### What to work on
Return all of the data exactly as written, without the pictures.

### Dataset content
===============
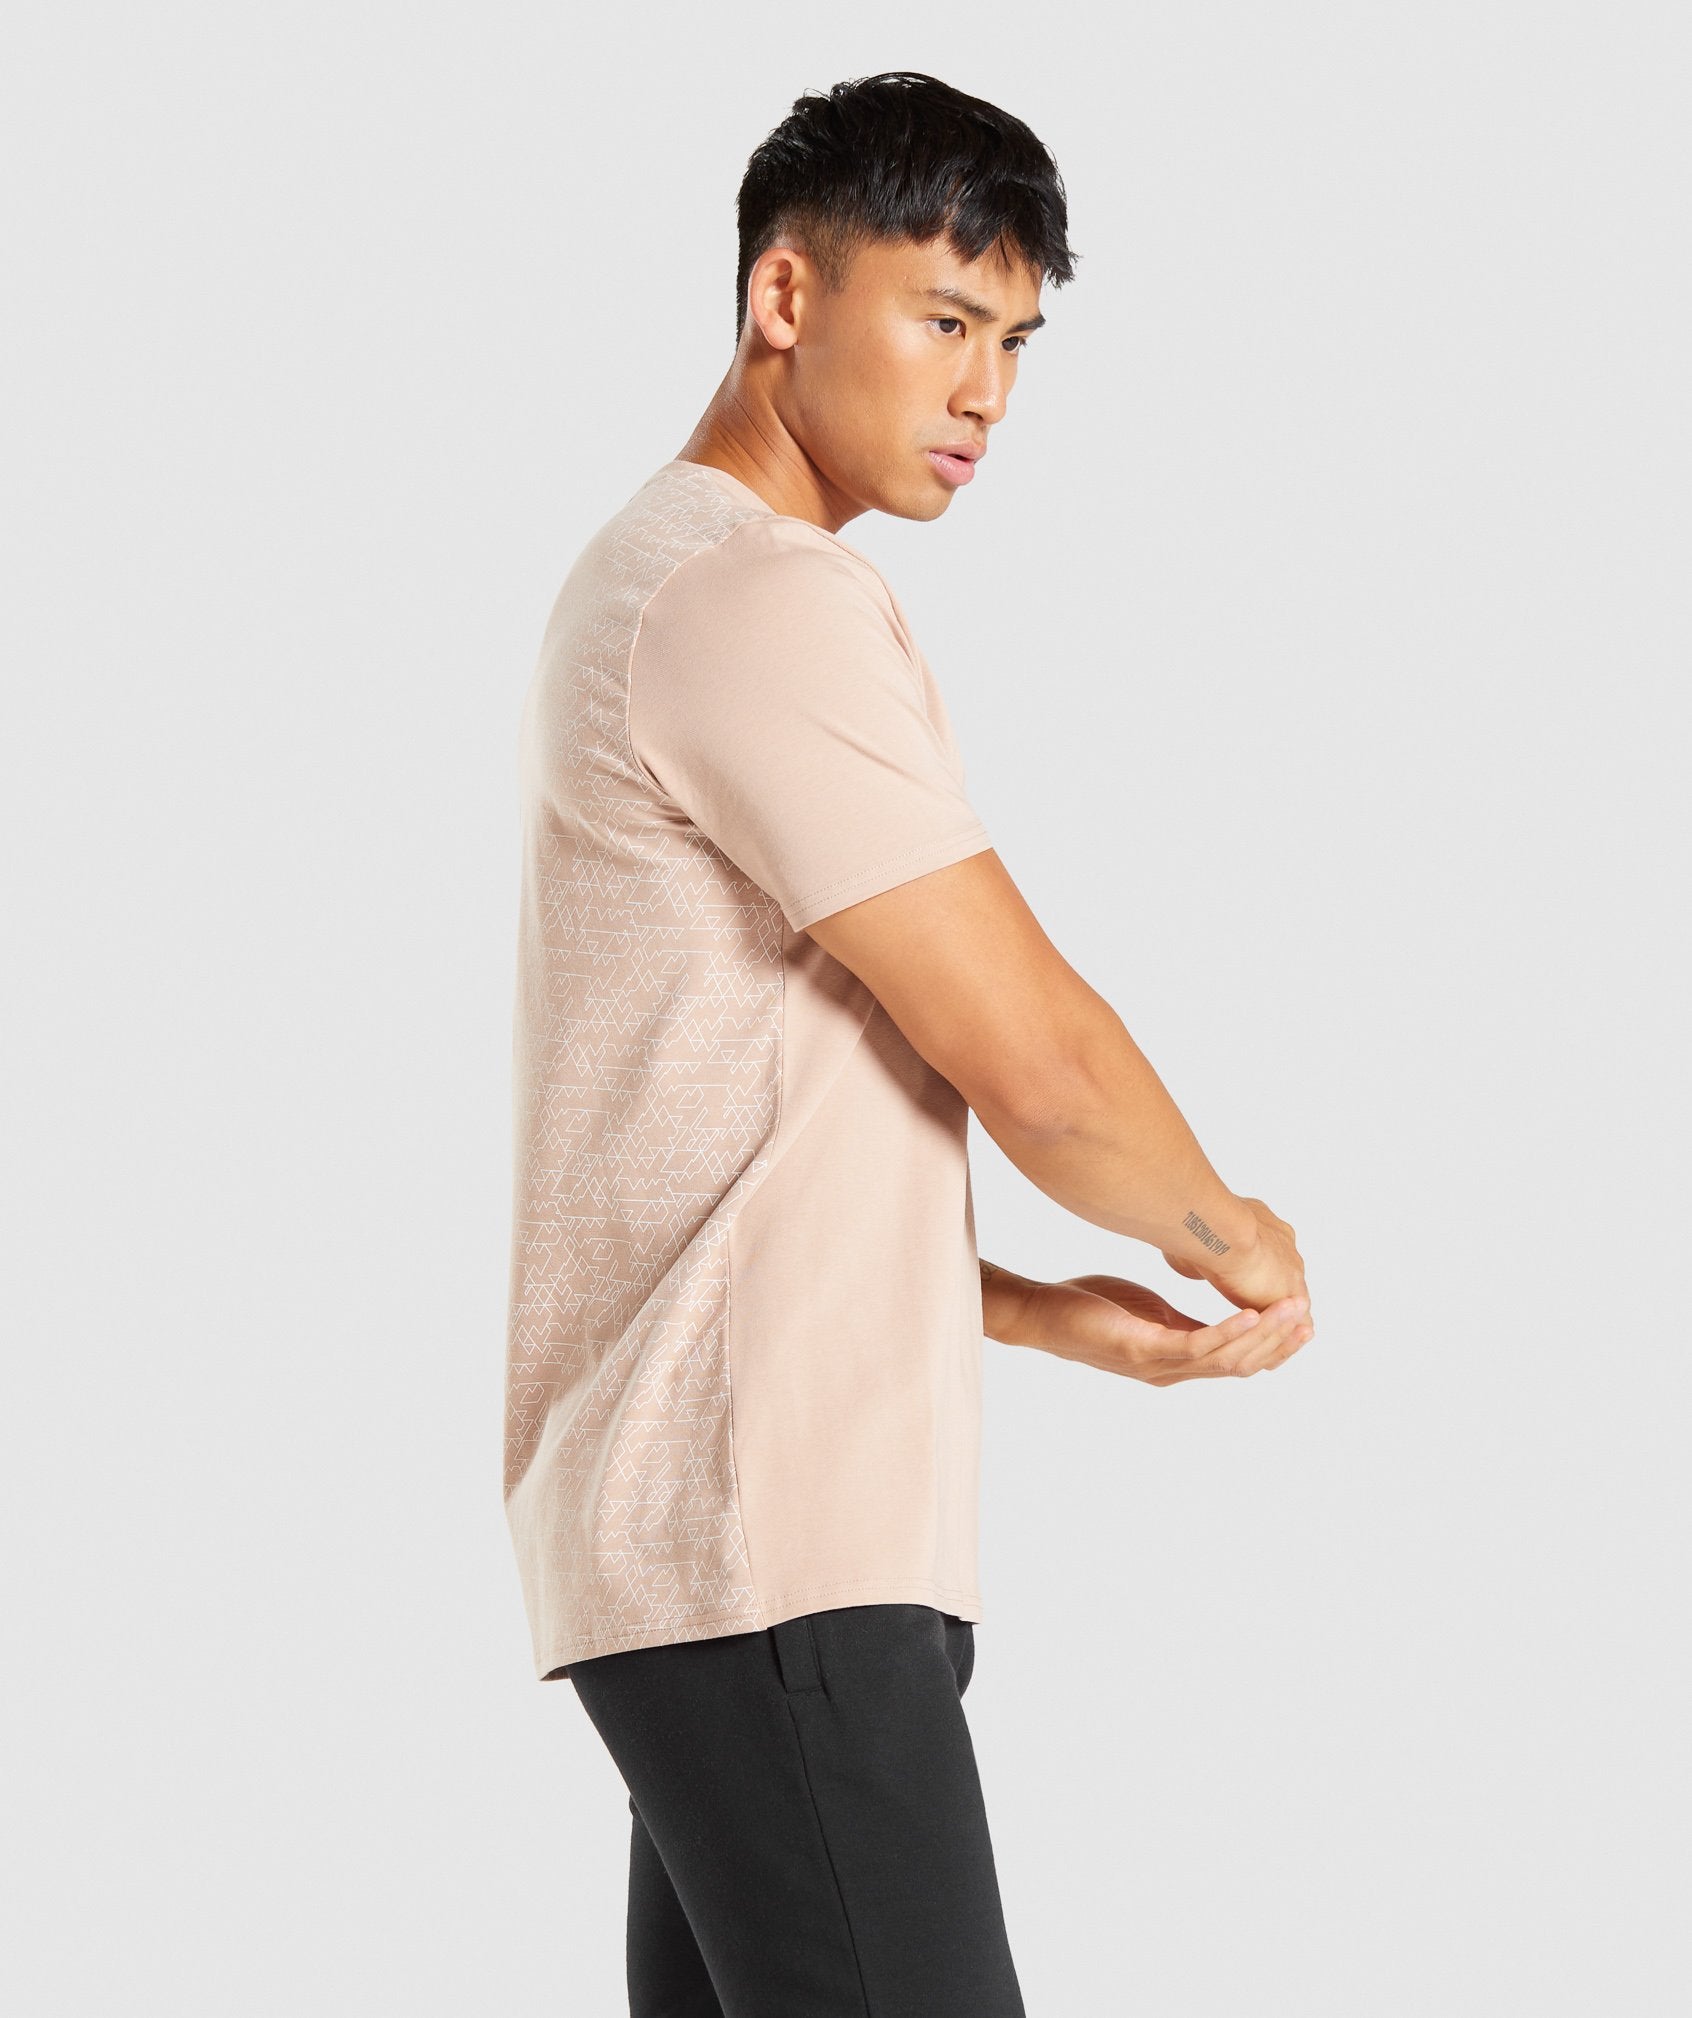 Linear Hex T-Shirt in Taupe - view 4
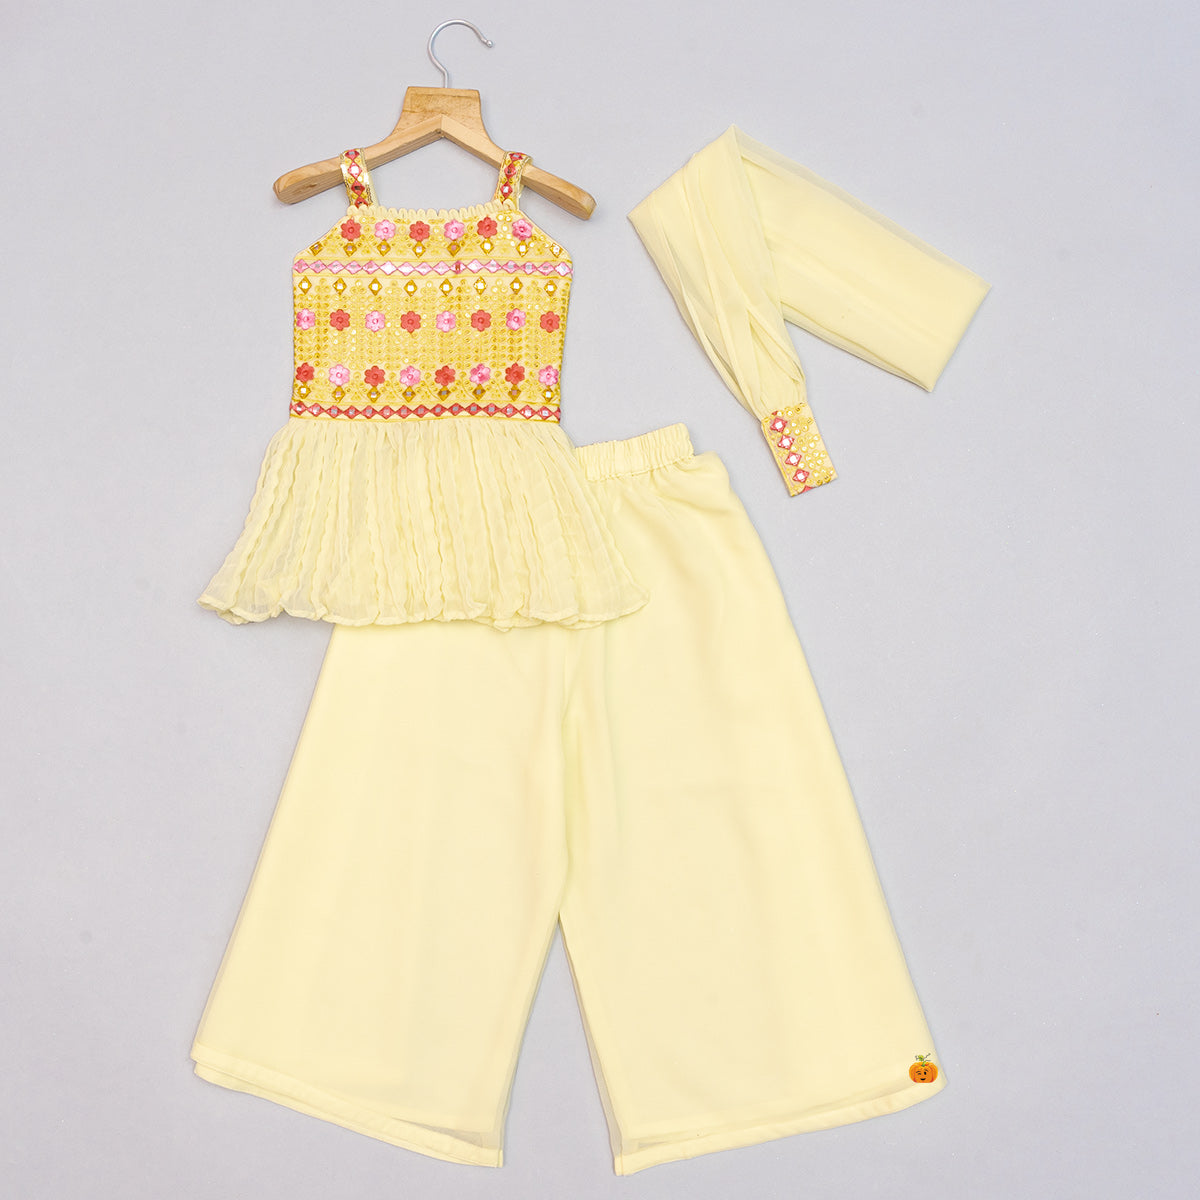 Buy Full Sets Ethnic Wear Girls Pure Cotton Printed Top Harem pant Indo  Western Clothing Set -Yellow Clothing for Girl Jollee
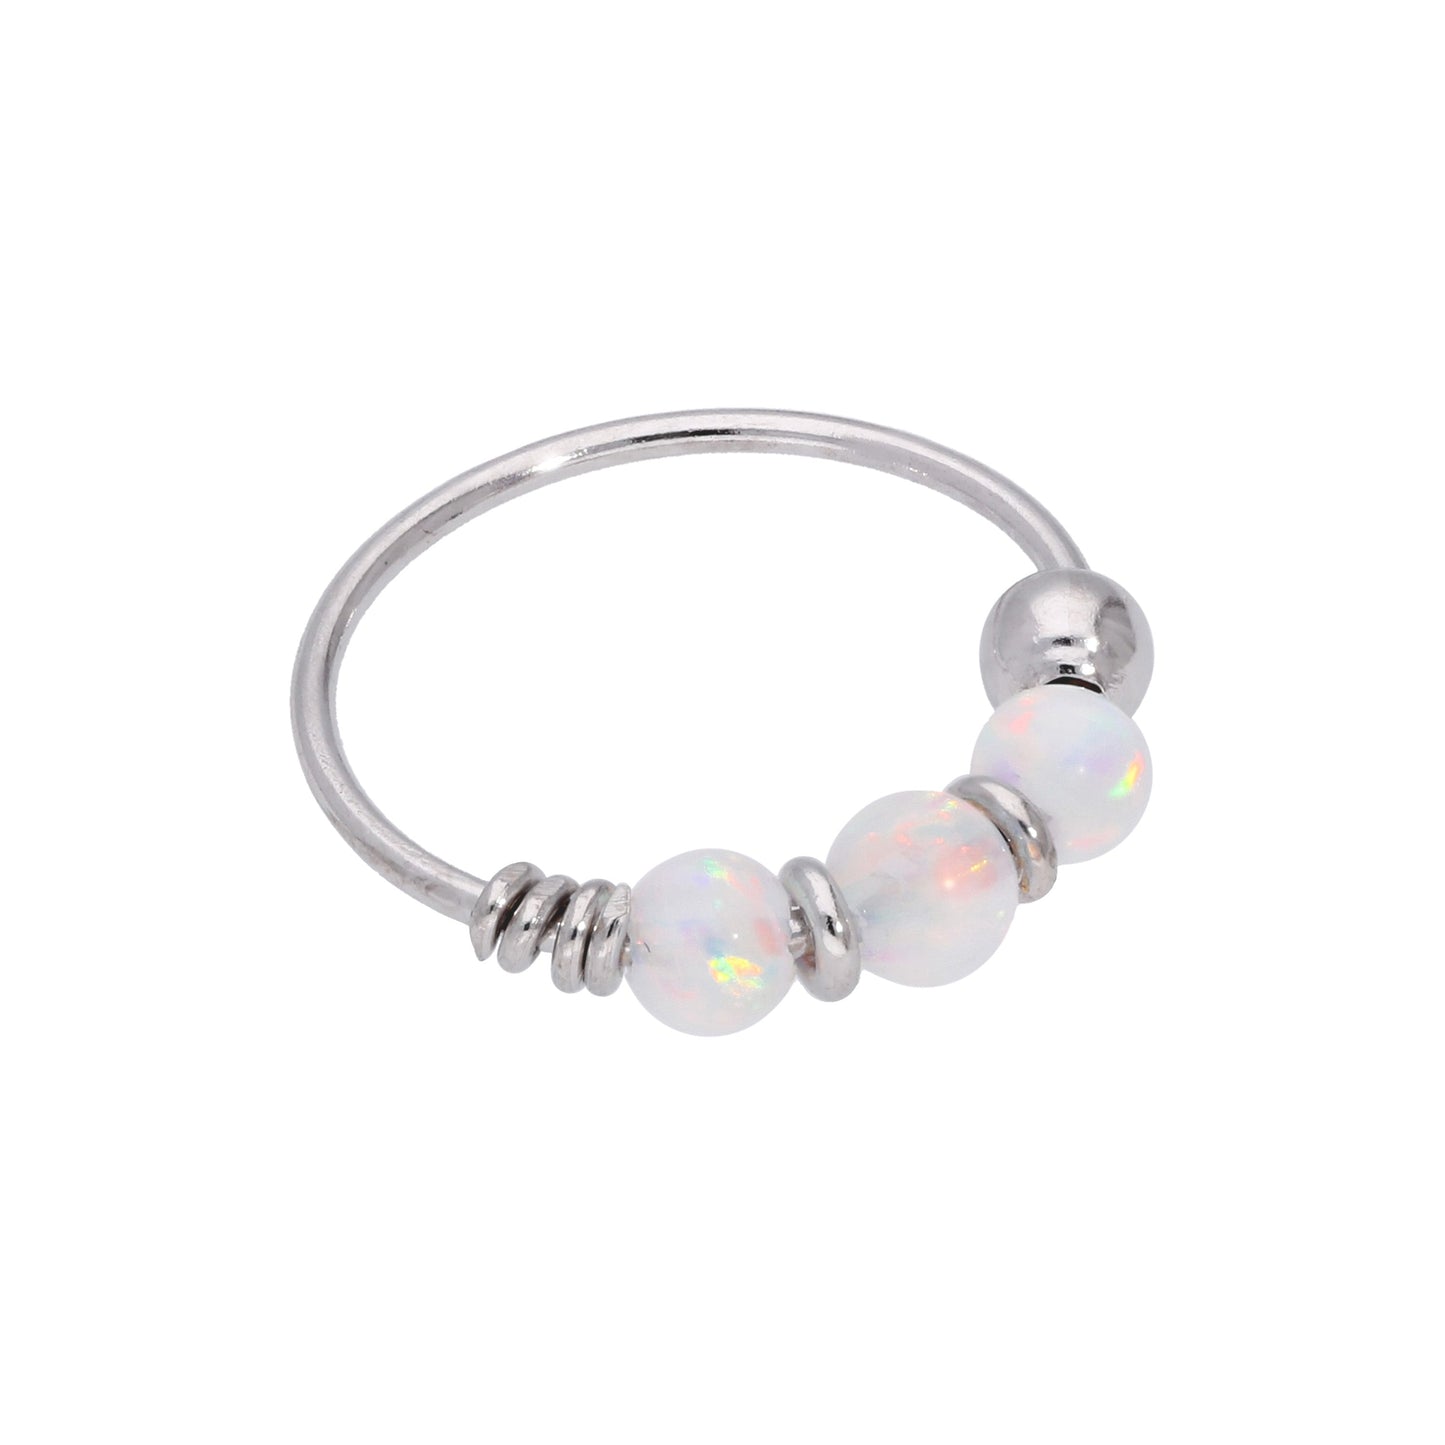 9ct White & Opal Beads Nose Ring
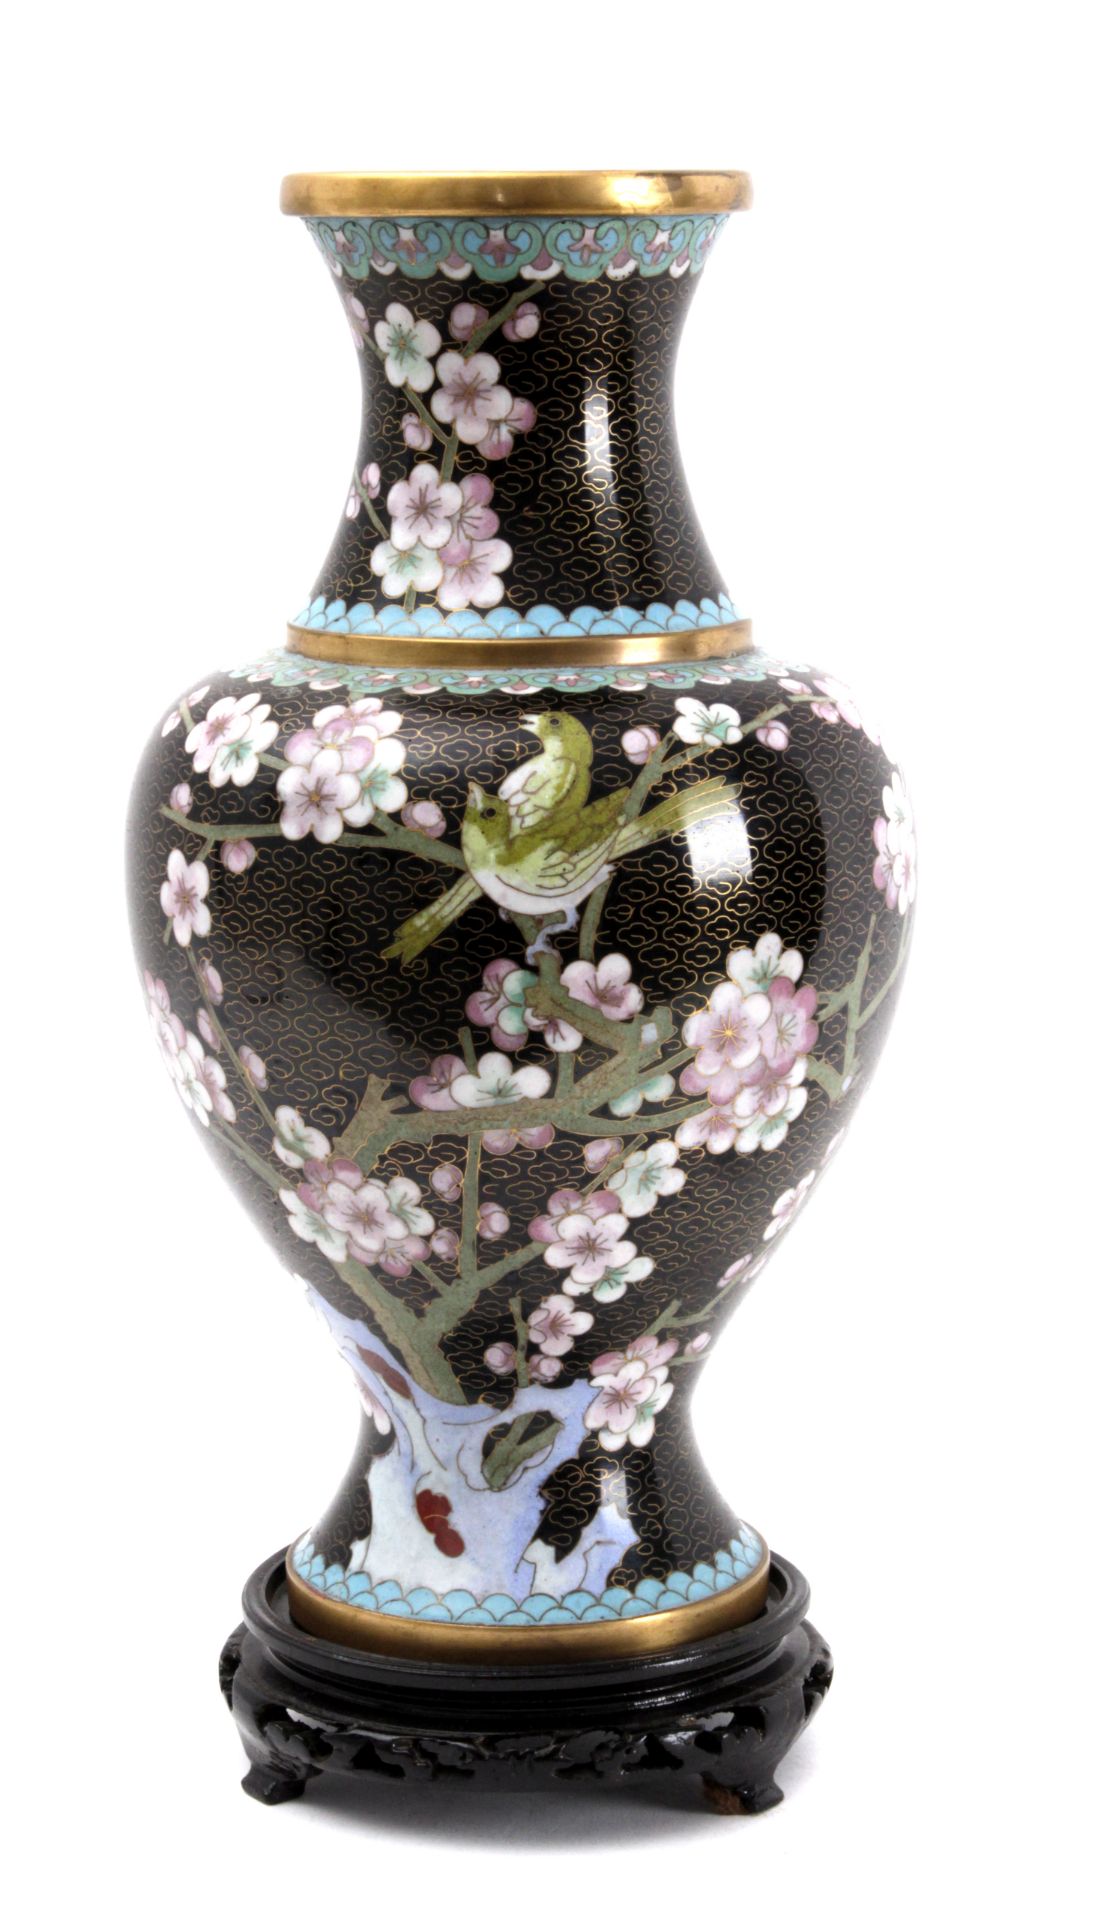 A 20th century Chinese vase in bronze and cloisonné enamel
===============
### Finished exercise
 Linear Hex T-Shirt in Taupe - view 4
 Buy Full Sets Ethnic Wear Girls Pure Cotton Printed Top Harem pant Indo  Western Clothing Set -Yellow Clothing for Girl Jollee
 9ct White & Opal Beads Nose Ring
 A 20th century Chinese vase in bronze and cloisonné enamel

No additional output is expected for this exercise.